ModSecurity
Discover how having ModSecurity enabled in your website hosting account will help silently with your web site security.
ModSecurity is a plugin for Apache web servers that acts as a web app layer firewall. It is used to prevent attacks towards script-driven Internet sites by employing security rules that contain particular expressions. In this way, the firewall can block hacking and spamming attempts and preserve even Internet sites that are not updated often. As an example, several unsuccessful login attempts to a script administrator area or attempts to execute a specific file with the objective to get access to the script shall trigger particular rules, so ModSecurity shall block out these activities the minute it identifies them. The firewall is incredibly efficient because it screens the whole HTTP traffic to a site in real time without slowing it down, so it will be able to prevent an attack before any harm is done. It furthermore keeps an incredibly thorough log of all attack attempts that includes more information than traditional Apache logs, so you can later check out the data and take further measures to increase the security of your Internet sites if necessary.
-
ModSecurity in Cloud Hosting
We provide ModSecurity with all
cloud hosting packages, so your web apps will be resistant to malicious attacks. The firewall is activated as standard for all domains and subdomains, but in case you would like, you'll be able to stop it via the respective part of your Hepsia Control Panel. You'll be able to also switch on a detection mode, so ModSecurity will keep a log as intended, but won't take any action.
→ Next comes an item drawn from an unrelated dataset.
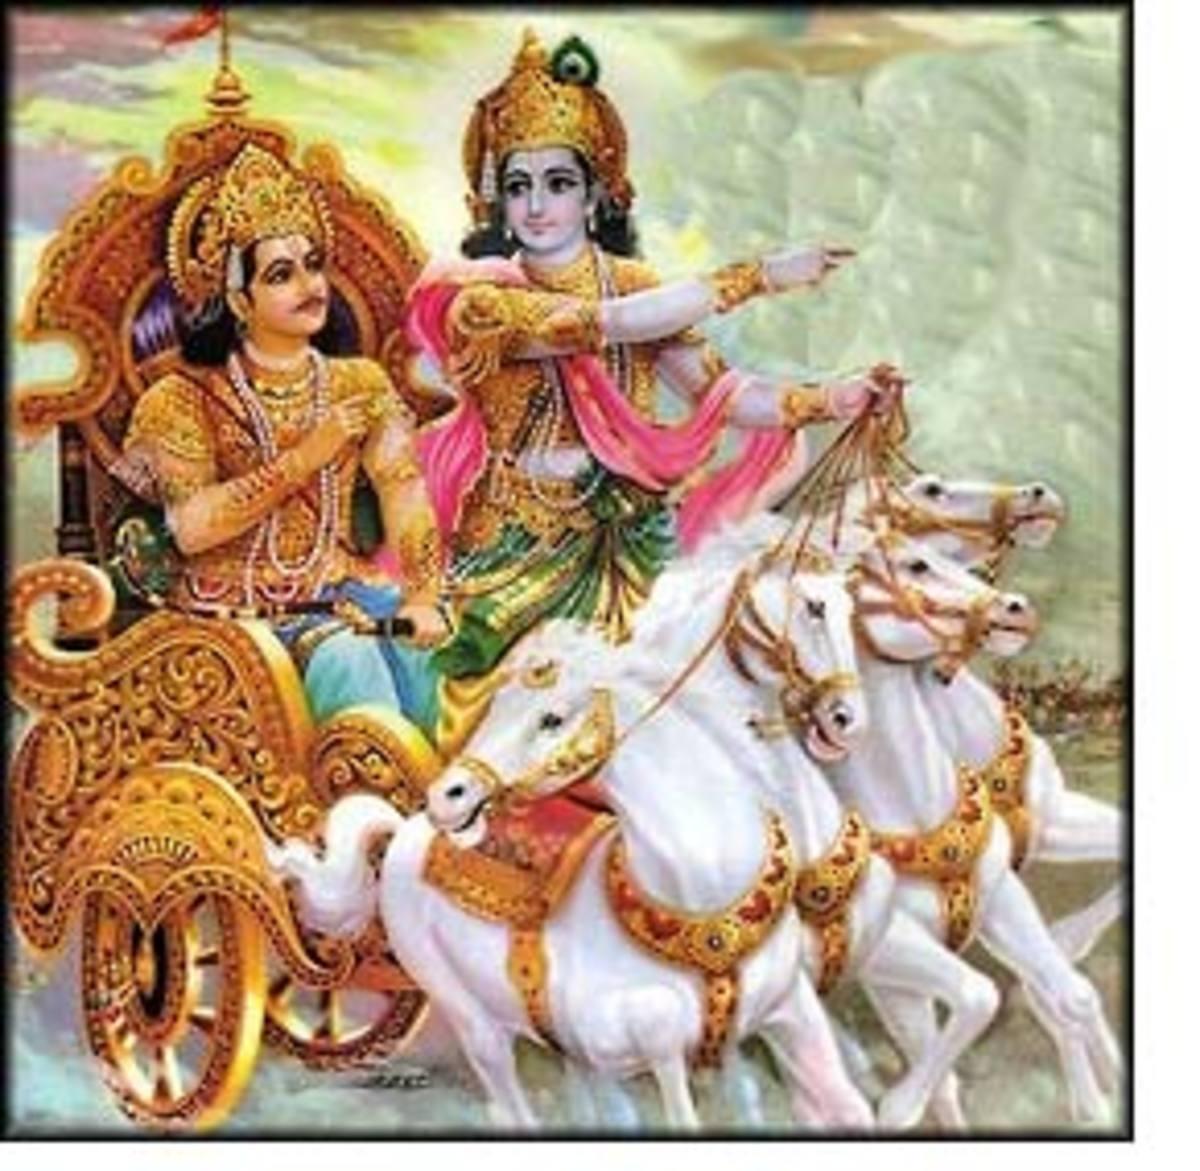 Krishna and Arjuna head to the battlefield

The logs that you'll find in Hepsia are incredibly detailed and offer information about the nature of any attack, when it transpired and from what IP address, the firewall rule which was triggered, and so forth. We use a range of commercial rules that are frequently updated, but sometimes our administrators add custom rules as well so as to efficiently protect the websites hosted on our servers.
-
ModSecurity in Semi-dedicated Servers
All
semi-dedicated server plans which we offer come with ModSecurity and given that the firewall is turned on by default, any site that you create under a domain or a subdomain shall be protected straight away. A separate section within the Hepsia CP which comes with the semi-dedicated accounts is devoted to ModSecurity and it shall allow you to stop and start the firewall for any Internet site or activate a detection mode. With the latter, ModSecurity won't take any action, but it shall still detect possible attacks and will keep all data in a log as if it were fully active. The logs could be found inside the exact same section of the Control Panel and they include information about the IP where an attack originated from, what its nature was, what rule ModSecurity applies to identify and stop it, etc. The security rules we employ on our servers are a mix between commercial ones from a security business and custom ones created by our system admins. As a result, we provide higher security for your web applications as we can protect them from attacks even before security companies release updates for brand new threats.
-
ModSecurity in VPS Servers
All
VPS servers which are provided with the Hepsia Control Panel include ModSecurity. The firewall is set up and switched on by default for all domains that are hosted on the web server, so there will not be anything special that you will have to do to protect your websites. It shall take you a mouse click to stop ModSecurity if needed or to turn on its passive mode so that it records what occurs without taking any measures to prevent intrusions. You'll be able to view the logs created in active or passive mode through the corresponding section of Hepsia and discover more about the form of the attack, where it originated from, what rule the firewall employed to deal with it, etcetera. We use a mix of commercial and custom rules so as to make certain that ModSecurity will block as many threats as possible, thus boosting the protection of your web apps as much as possible.
-
ModSecurity in Dedicated Servers
When you opt to host your websites on a
dedicated server with the Hepsia CP, your web apps will be protected immediately as ModSecurity is provided with all Hepsia-based plans. You will be able to control the firewall without difficulty and if required, you'll be able to turn it off or switch on its passive mode when it will only keep a log of what's going on without taking any action to prevent possible attacks. The logs that you'll find in the exact same section of the Control Panel are quite detailed and contain details about the attacker IP, what website and file were attacked and in what ways, what rule the firewall employed to prevent the intrusion, and so on. This data will permit you to take measures and improve the protection of your sites even more. To be on the safe side, we employ not only commercial rules, but also custom-made ones that our admins include when they detect attacks that have not yet been included inside the commercial pack.